After five months of fighting, LG has shown a willingness to pay some royalties and Matsushita believes it can settle the case without compromising its tough stance on protecting its intellectual property, the Nihon Keizai said, reports the NYT and Reuters.
LG, for its part, feels it is best to settle now before the dispute escalates. The South Korean maker is concerned about the damage it might incur if Matsushita decided to file a suit against it in the US market, the newspaper said.
BT faces fading market share
BT should see its dominance of the UK's residential fixed line market evaporate over the next ten years according to boffins at Research Analysis and Knowledge Management,says the register 1 April
The register says the research group predict that BT Retail's share of the UK's fixed line market will fall from 82 per cent to 45 per cent over the next decade as increased competition begins to bite.
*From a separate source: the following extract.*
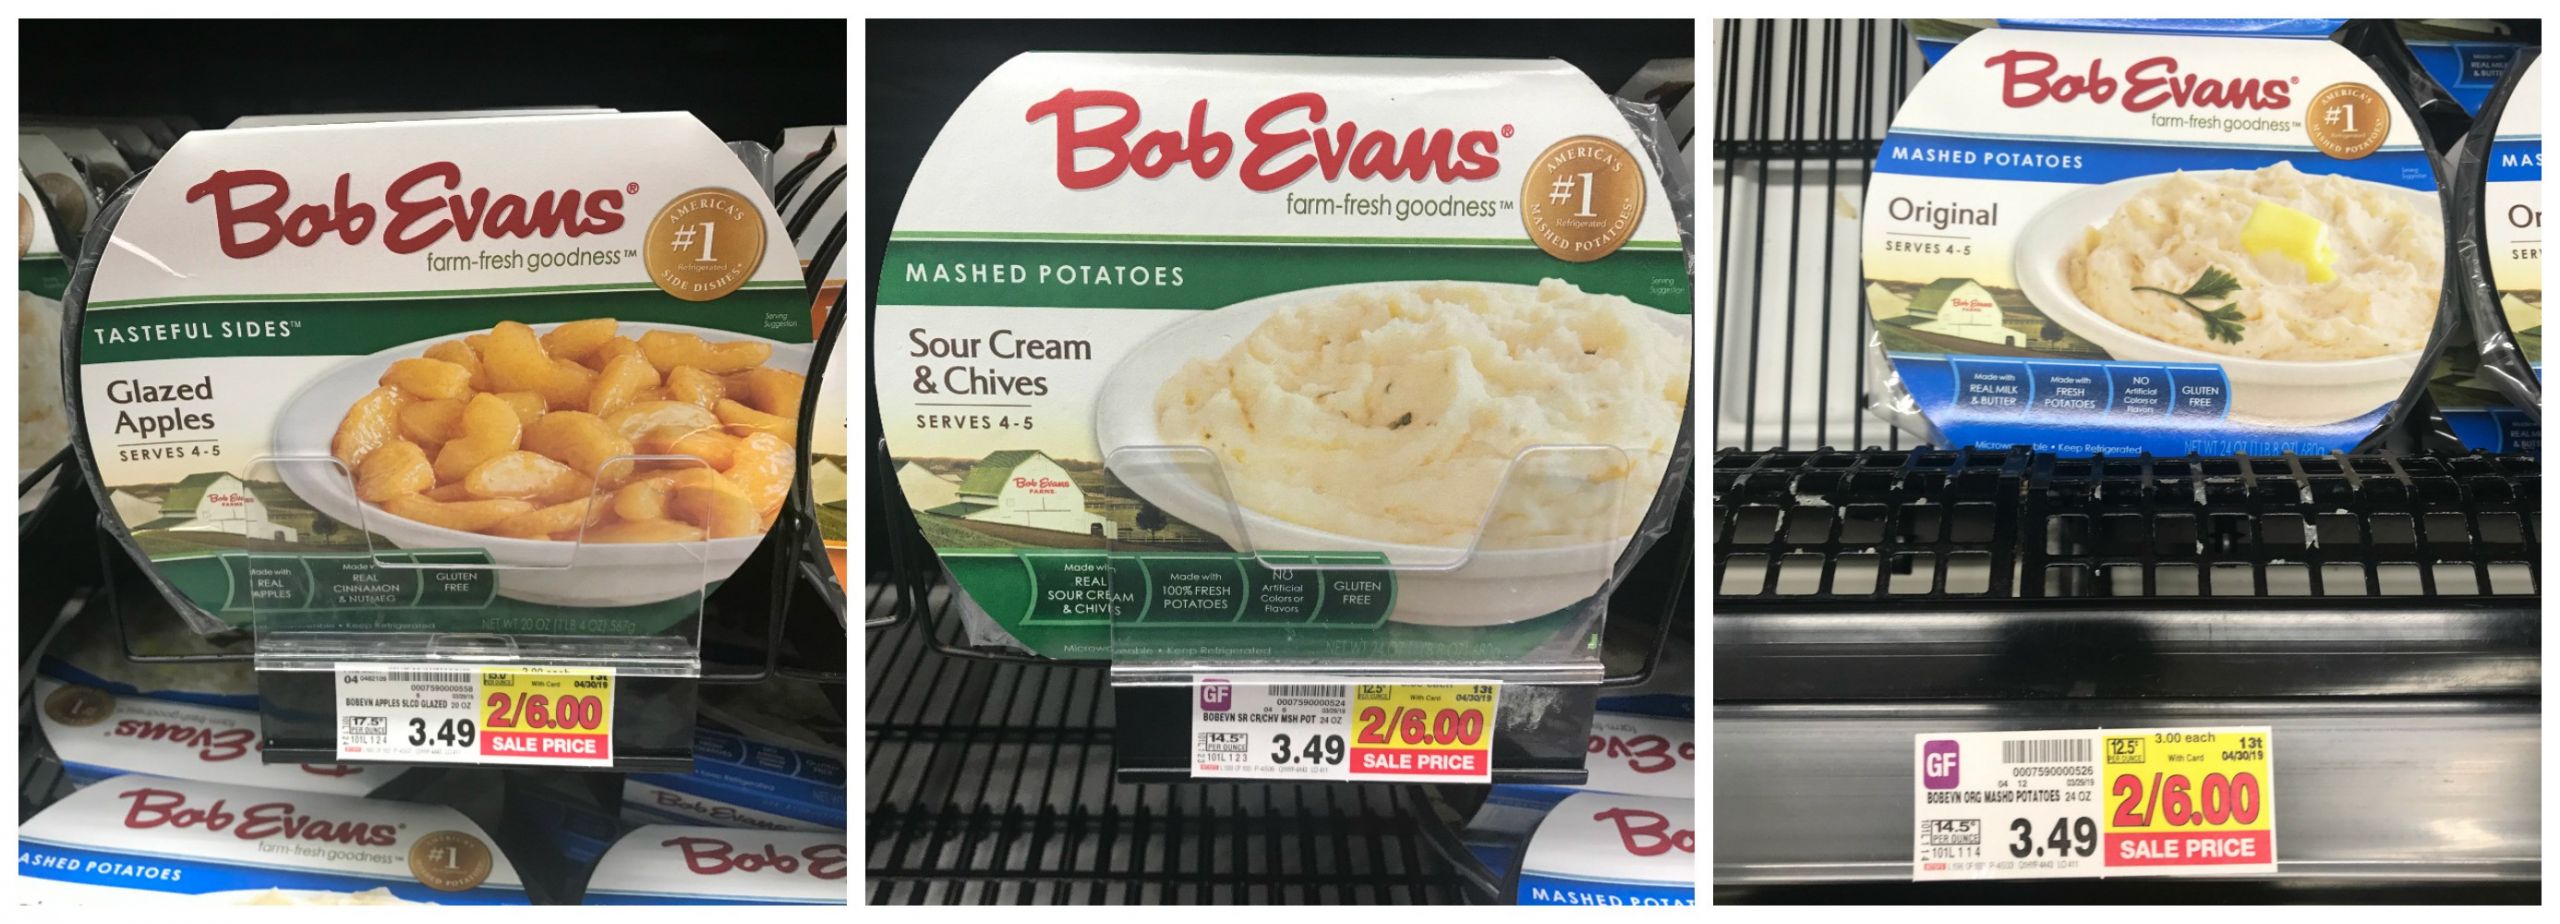 Bob Evans Refrigerated Side Dishes
 Grab Bob Evans Side Dishes For ly $2 50 each at Kroger

At the moment, around 93 per cent of UK households have a fixed line, with eight in ten supplied by BT. But as more and more punters switch providers - and increasing numbers of telcos bundle line rental with their tariffs - BT's share of the market is predicted to slide, says the Register.
According to The Register, the development of wholesale line rental (WLR) should accelerate BT's declining market share. In essence, WLR means consumers who opt for other phone providers can pay for their calls and line rental in one single bill as opposed to having to pay for calls (to a telco such as Tele2, Carphone Warehouse or One.Tel, for example) and line rental (to BT) separately.